── MATERIAL FOR THE TASK ──
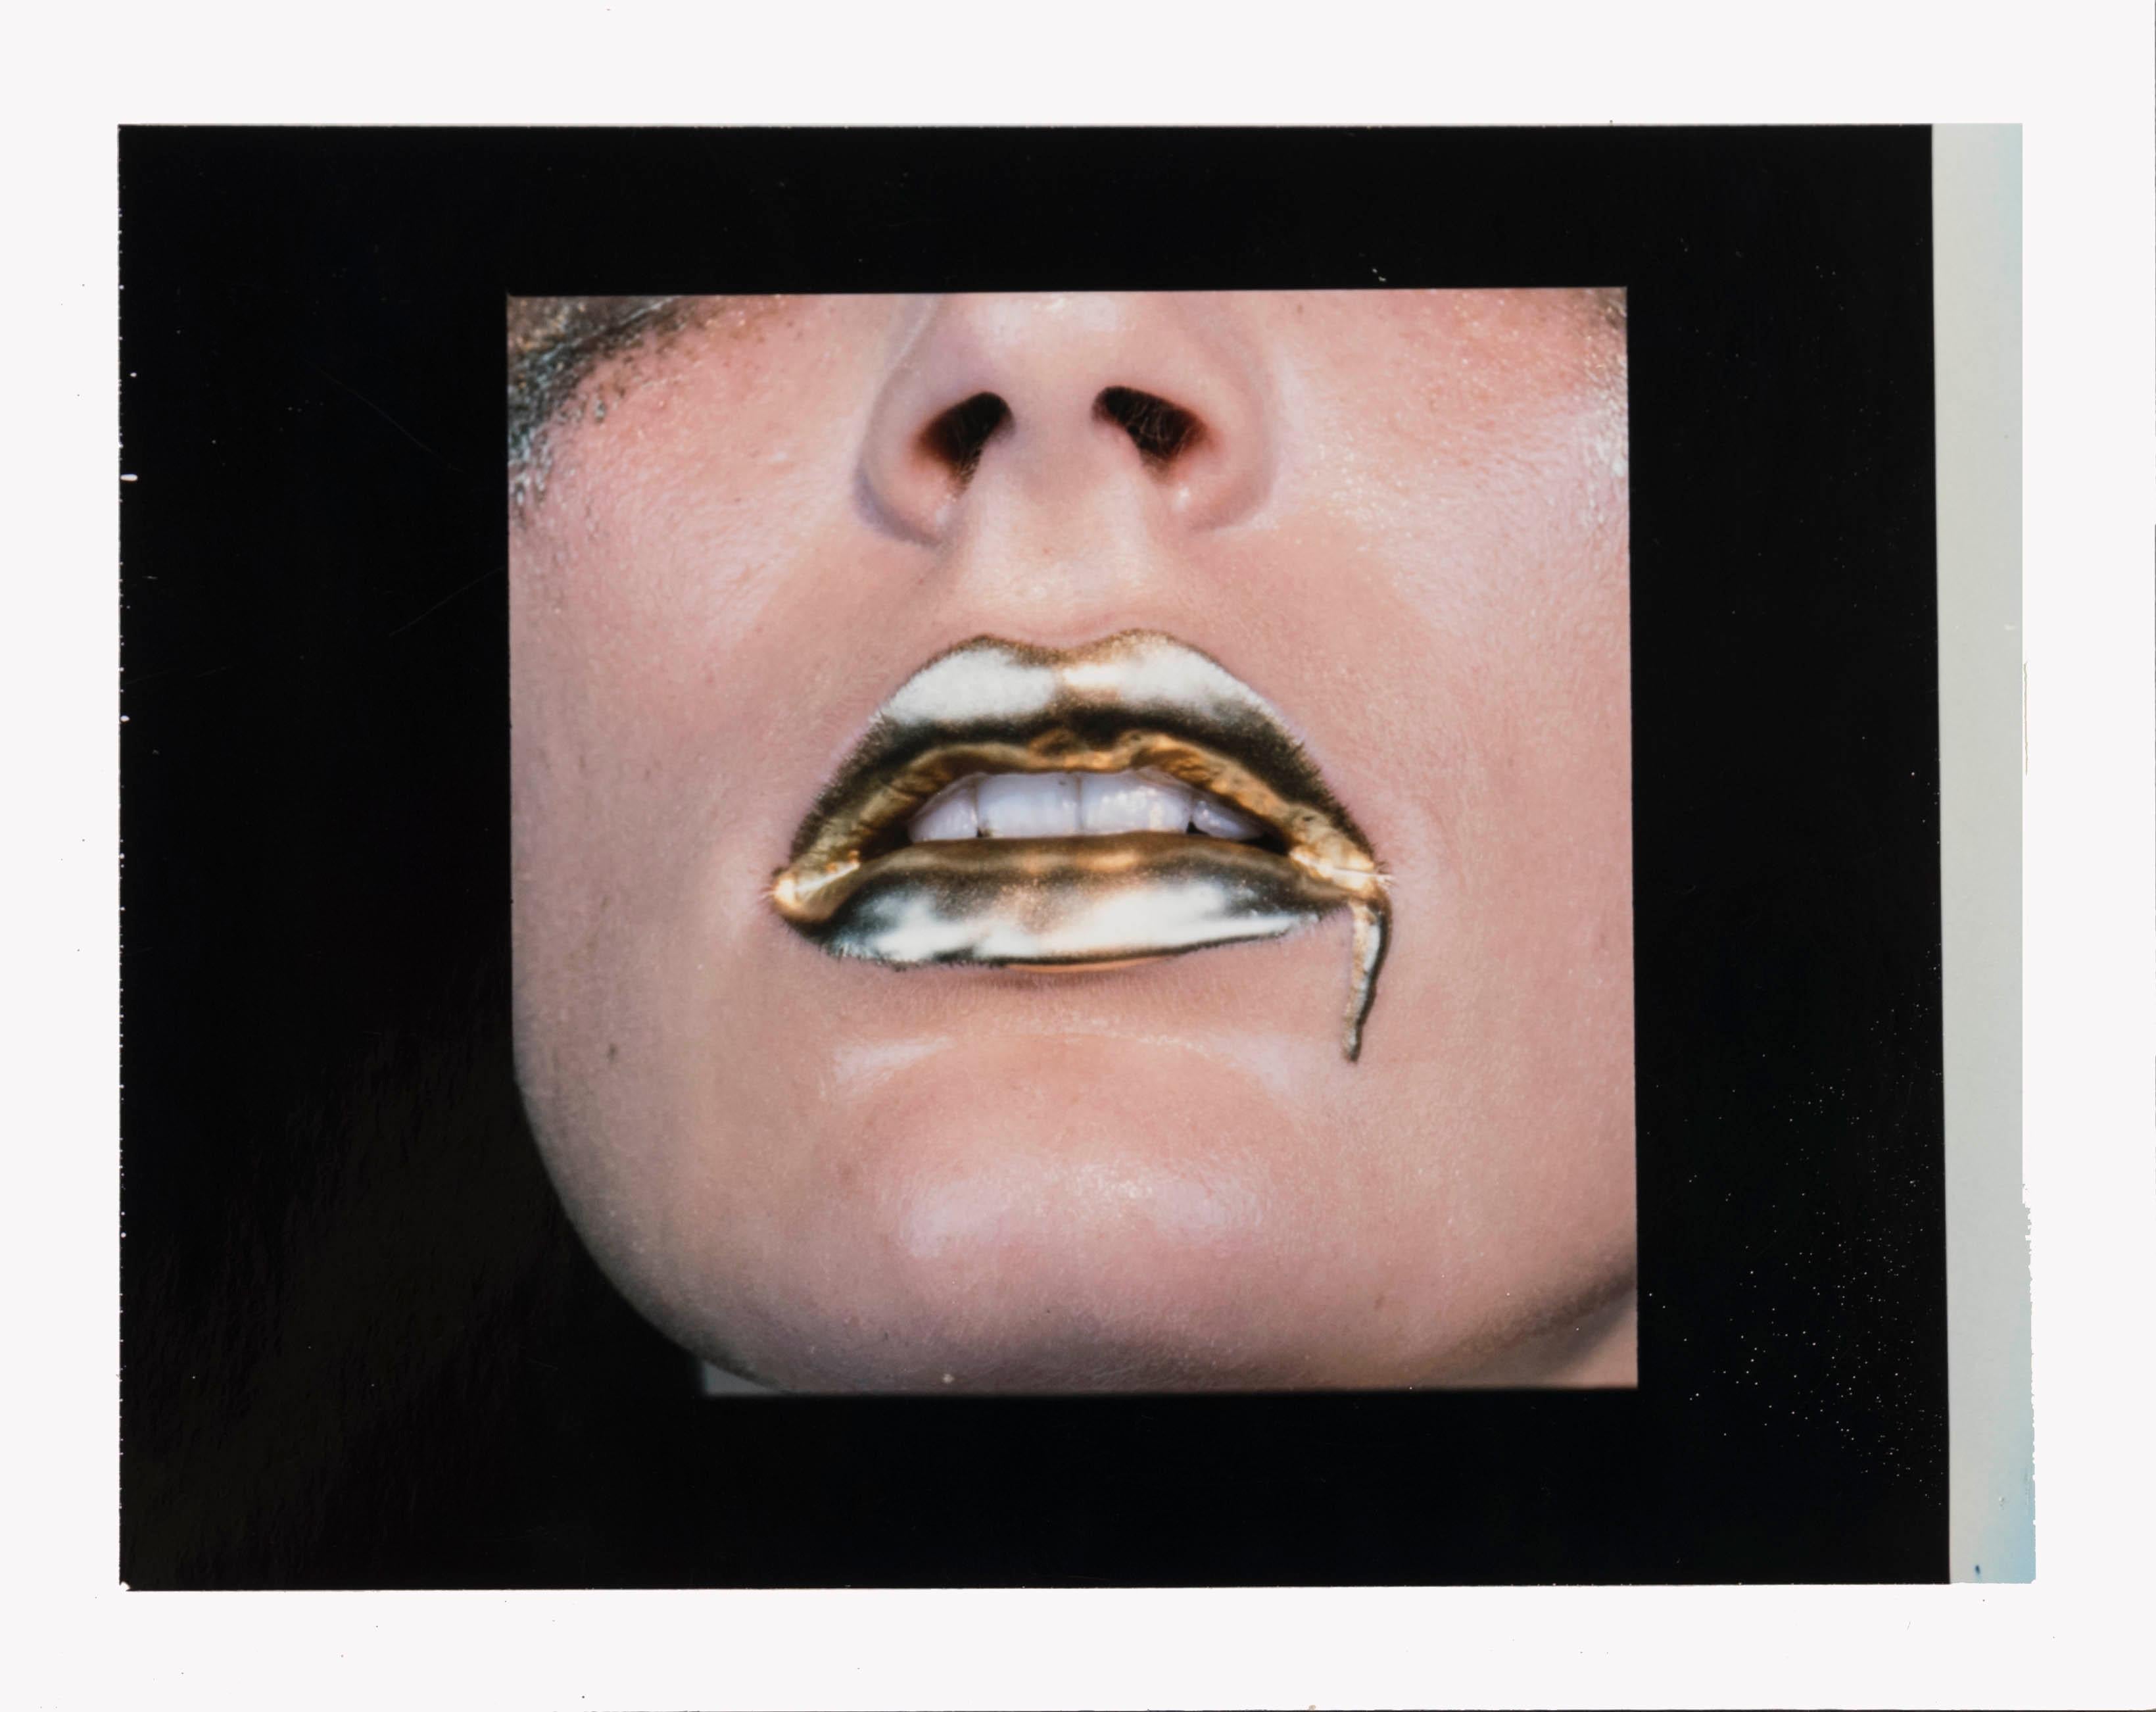 Bold Gold - study IV 2006 - Miles Aldridge (Colour Photography)
Unique Polaroid print
Signed in ink on reverse
3 1/2 x 4 1/4 inches

Miles Aldridge (born 1964) is one of Britain’s most celebrated fashion photographers, who has worked for a number of
───
_PROBLEM STATEMENT_
A word-for-word repetition of the data above, without pictures, is the expected answer.

_WRITTEN ANSWER_
 Bold Gold - study IV 2006 - Miles Aldridge (Colour Photography)
Unique Polaroid print
Signed in ink on reverse
3 1/2 x 4 1/4 inches

Miles Aldridge (born 1964) is one of Britain’s most celebrated fashion photographers, who has worked for a number of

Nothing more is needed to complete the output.